Most municipal solid waste in the Global South goes into unsanitary landfills or open dumps. Even during the economic downturn during the COVID-19 pandemic, the amount of waste heading to landfill sites in Brazil, for example, increased due to lower recycling rates [ 64 ]. In Johor, Malaysia, landfilling destroys natural habitats and depletes the flora and fauna [ 65 ]. Moreover, landfilling with untreated, unsorted waste led to severe public health issues in South America [ 66 ]. Based on a study on 30 Brazilian cities, Urban and Nakada [ 64 ] report that 35% of medical waste was not properly treated before disposal, which poses a threat to public health, including the spread of COVID-19. Landfills and open dumps are also associated with high emissions of methane (CH 4 ), a major GHG [ 67 , 68 ]. Landfills and wastewater release 17% of the global methane emission [ 25 ]. About 29 metric tons of methane are emitted annually from landfills globally, accounting for about 8% of estimated global emissions, with 1.3 metric tons released from landfills in Africa [ 7 ]. The rate of landfill gas production steadily rises while MSW accumulates in the landfill emissions. Released methane and ammonia gases can cause health hazards such as respiratory diseases [ 37 , 69 , 70 , 71 ]. Since methane is highly combustible, it can cause fire and explosion hazards [ 72 ].

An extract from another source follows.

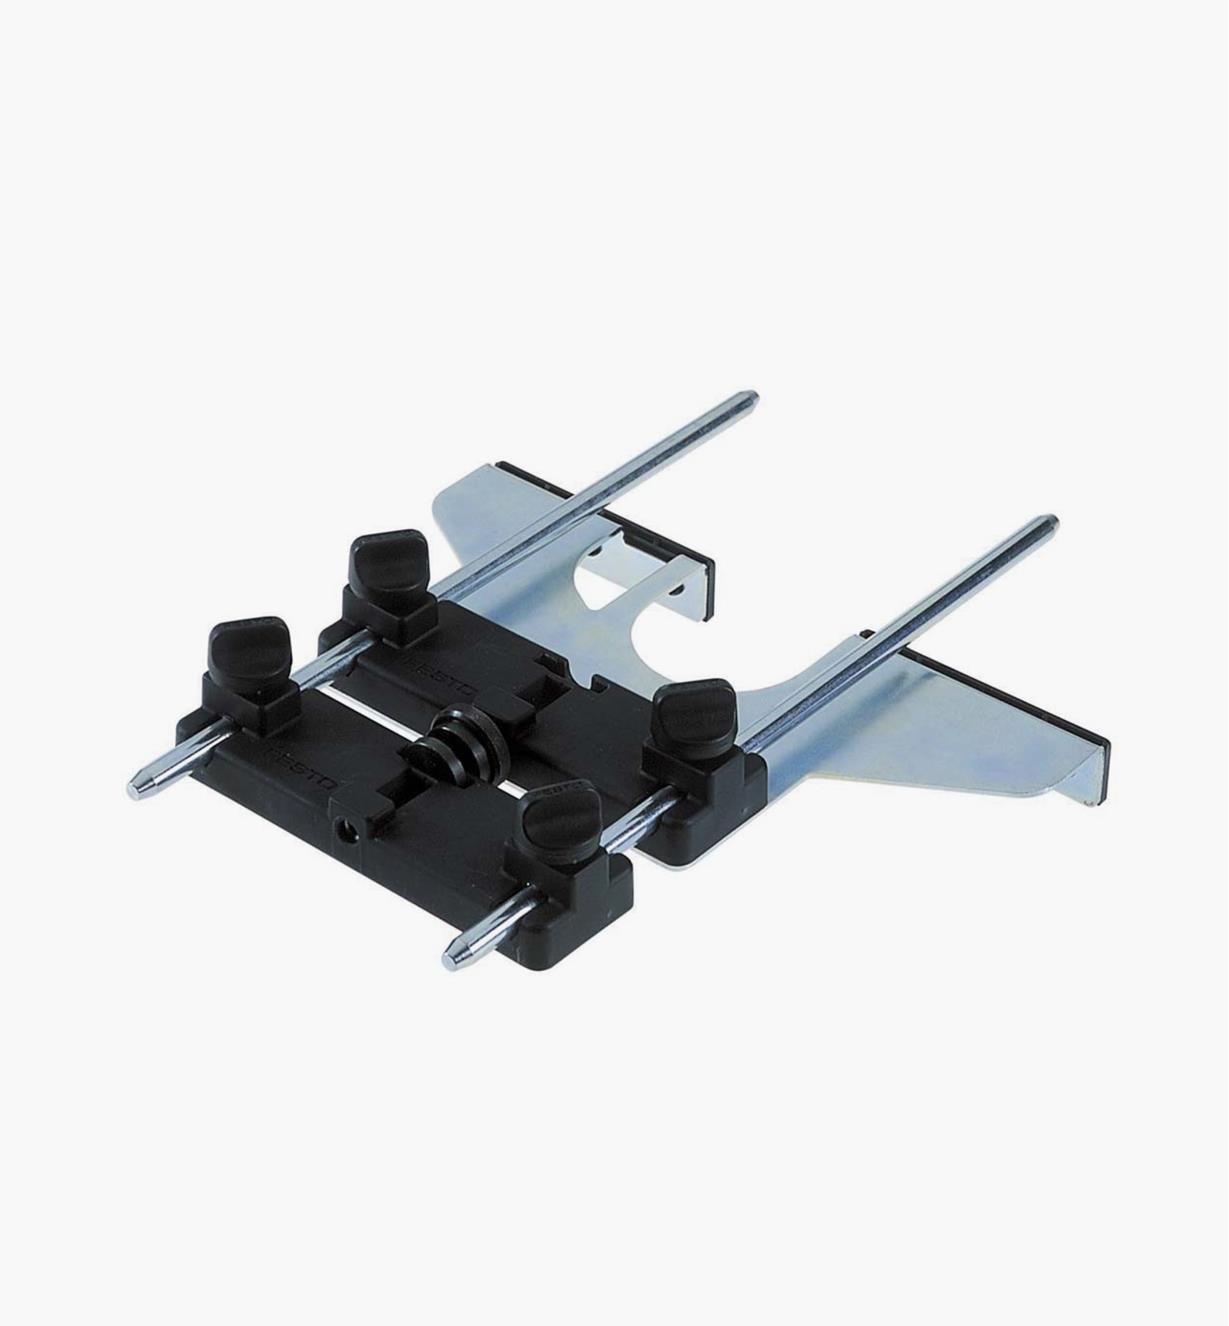 ZA483358 - Réglage fin pour butée latérale

Open dumping sites with organic waste create the environment for the breeding of disease-carrying vectors, including rodents, flies, and mosquitoes [ 40 , 45 , 51 , 73 , 74 , 75 , 76 , 77 , 78 , 79 ]. Associated vector-borne diseases include zika virus, dengue, and malaria fever [ 70 , 71 , 72 , 73 , 74 , 75 , 76 , 77 , 78 , 79 , 80 ]. In addition, there are risks of water-borne illnesses such as leptospirosis, intestinal worms, diarrhea, and hepatitis A [ 80 , 81 ].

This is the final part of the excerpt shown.